Data Modes¶
django-d3-bridge supports three ways to get data into charts.
1. Static (Page Load)¶
Data is serialized into the HTML at render time. Each page load re-evaluates the QuerySet.
Pros: Simplest. No extra endpoints. Works offline after initial load. Cons: Requires page reload to see new data.
Best for: Dashboards, reports, admin pages.
2. Polling (HTTP Auto-refresh)¶
Chart fetches new data via HTTP at regular intervals.
chart = LineChart(
data=initial_data,
x="time", y="value",
poll_url="/api/chart/data/",
poll_interval=30,
)
Pros: No infrastructure beyond Django. Pauses when tab is hidden. Exponential backoff on errors. Cons: Not real-time (minimum practical interval ~5s). Each poll is an HTTP request.
Best for: Stock prices, inventory levels, queue lengths — anything that changes every few seconds to minutes.
3. MQTT (WebSocket Push)¶
Data is pushed to the chart in real-time via MQTT over WebSocket.
chart = LineChart(
data=initial_data,
x="timestamp", y="temperature",
live=True,
mqtt_broker="ws://broker:8083/mqtt",
mqtt_topic="sensors/+/data",
)
Pros: Millisecond latency. Server pushes data — no polling waste. Scales to many clients. Cons: Requires an MQTT broker. More infrastructure to manage.

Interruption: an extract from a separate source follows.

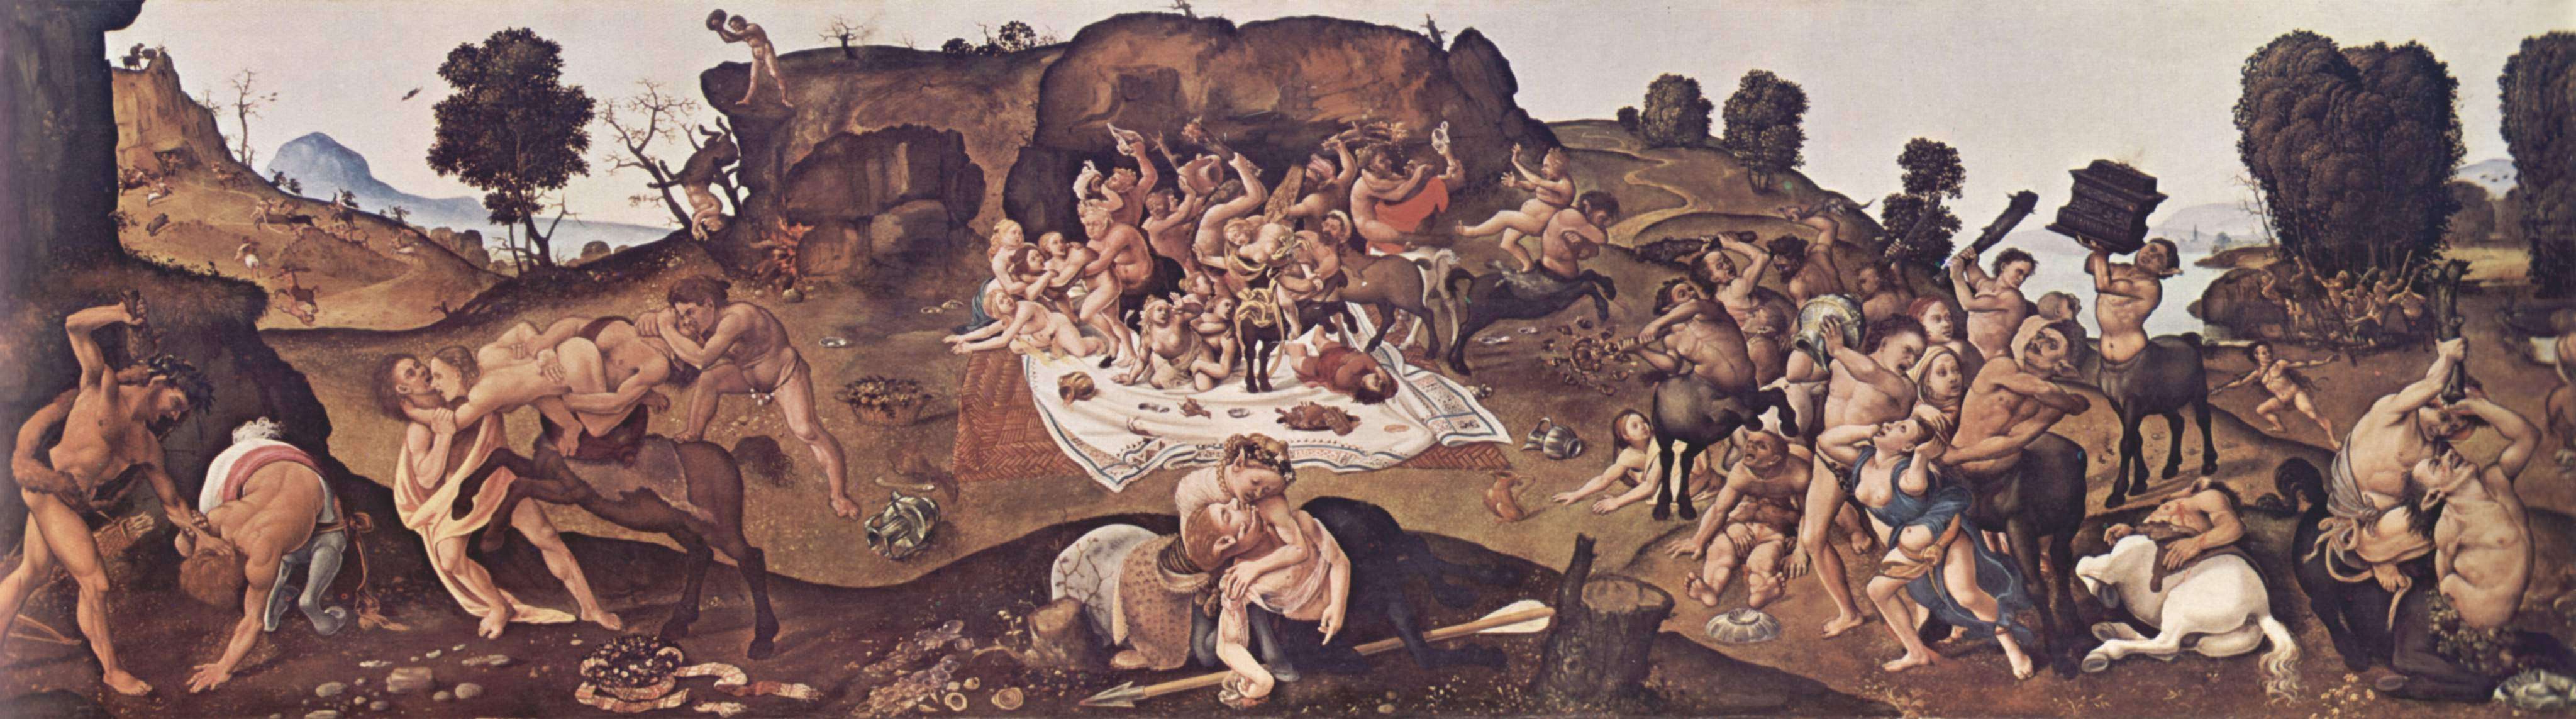 Η μάχη των Λαπιθών και Κενταύρων σε πίνακα του Πιέρο ντι Κόζιμο

Best for: IoT sensors, live monitoring, real-time alerts.
Combining Modes¶
A chart can use static + polling (initial data from QuerySet, then auto-refresh):
chart = BarChart(
data=Product.objects.values("name", "stock"), # initial render
x="name", y="stock",
poll_url="/api/stock/",
poll_interval=15, # then refresh every 15s
)
Or static + MQTT (initial historical data, then live push):
chart = LineChart(
data=SensorReading.objects.last_hour().values("timestamp", "value"),
x="timestamp", y="value",
live=True,
mqtt_broker="ws://broker:8083/mqtt",
mqtt_topic="sensors/temp",
mqtt_window=200,
)
Data Sources¶
The data parameter accepts:
| Source | Serialization |
|---|---|
| Django QuerySet | .values() → list of dicts |
| GeoQuerySet | → GeoJSON FeatureCollection |
| List of dicts | Passthrough |
| Single dict | Passthrough |
| pandas DataFrame | .to_dict("records") |
All datetime, date, and Decimal objects are auto-serialized.